21I find that the applicant’s position that his self-reported severe anxiety when it comes to driving at night, driving in snow, driving in rain, highway driving, driving in heavy traffic, driving in the location of the accident, driving on pleasure trips, and being the passenger, is not supported by any contemporaneous or corroborating medical evidence. The applicant has not referred to any psychological complaints to the family doctor post-accident and the Disability Certificate does not suggest any psychological injury or sequalae. Dr. Papazoglou’s report does not address whether the applicant’s psychological condition is associated sequalae of a minor injury or outside the definition of a minor injury under the Schedule. I note that the Superintendent’s Guideline No. 01/14, Minor Injury Guideline includes consideration of “supportive interventions such as advice/education to deal with accident-related psycho-social issues, such as but not limited to: distress; difficulties coping with the effects of his/her injury; driving problem/stress.”

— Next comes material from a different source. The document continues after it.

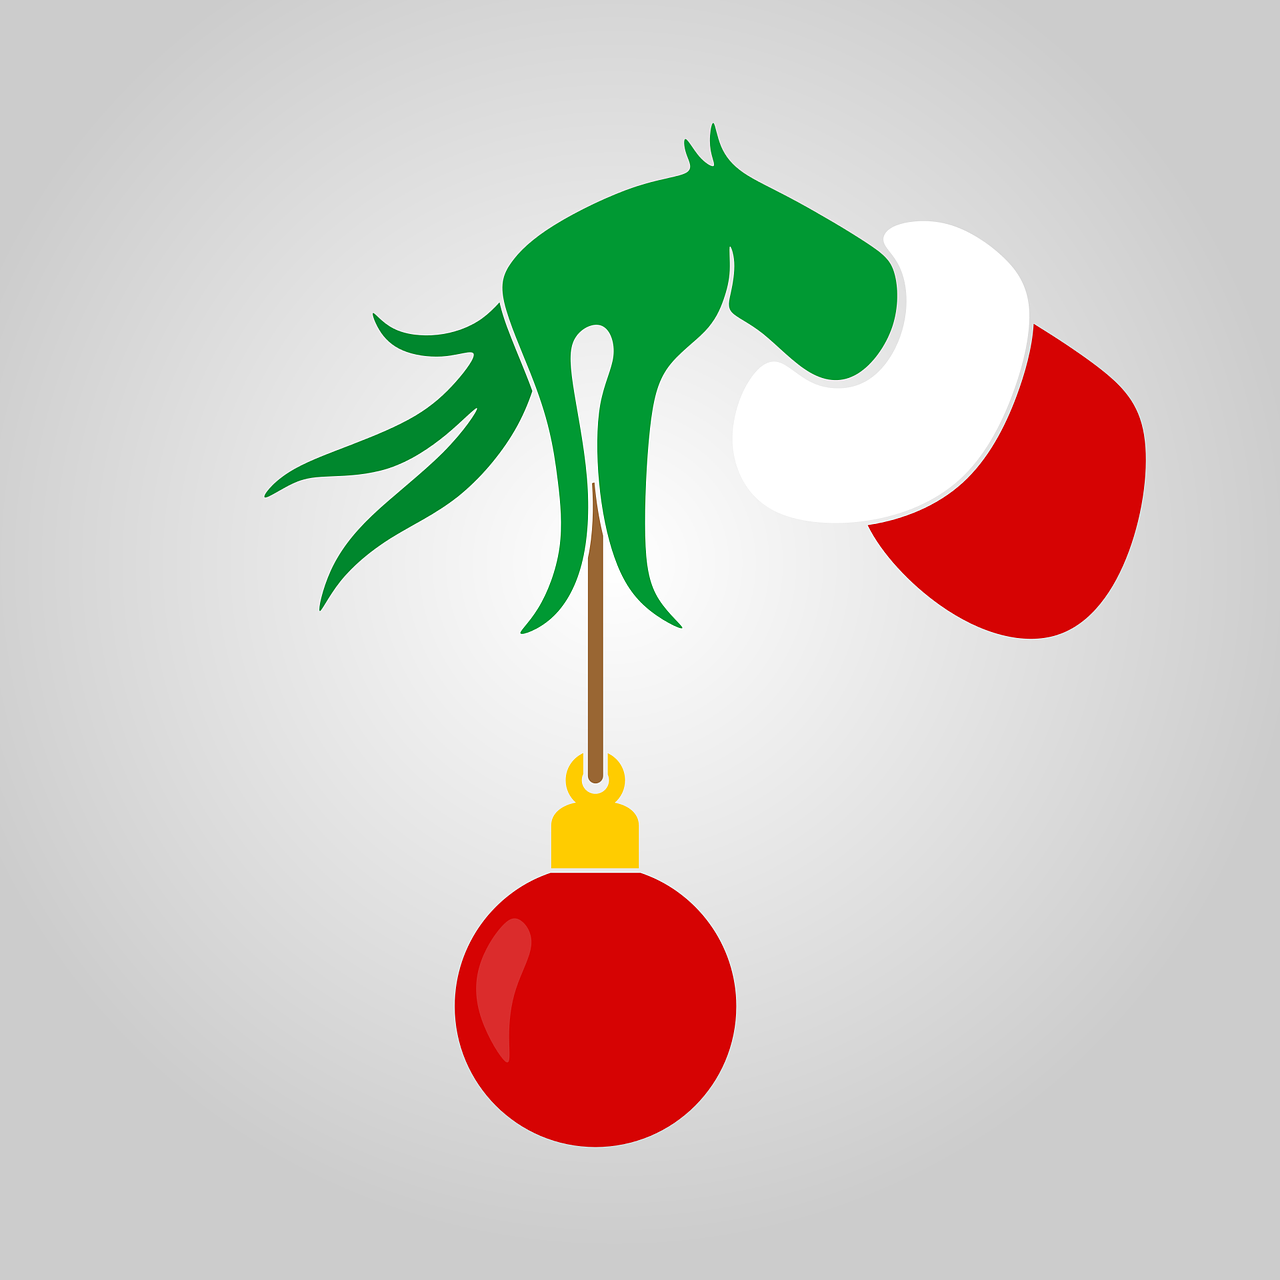 The Grinch's hand, holding a round Christmas ornament by a string.

22For the reasons above, on a balance of probabilities, I find that the applicant has not established a psychological condition that warrants removal from the MIG. Accordingly, I find that the applicant’s injuries are predominantly a minor injury as defined by the Schedule.
23Since the applicant is subject to the MIG, analysis of whether the treatment plans in dispute are reasonable and necessary is not warranted.
Interest
24Interest applies on the payment of any overdue benefits pursuant to s. 51 of the Schedule. The applicant is not entitled to interest because there are no overdue benefits.
ORDER
25For the reasons above, I make the following orders:
i. The applicant’s injuries are predominantly minor as defined in s. 3 of the Schedule and therefore subject to treatment within the $3,500.00 MIG limit.
ii. Since the applicant is subject to the MIG, analysis of whether the treatment plans in dispute are reasonable and necessary is not warranted.
iii. The applicant is not entitled to interest.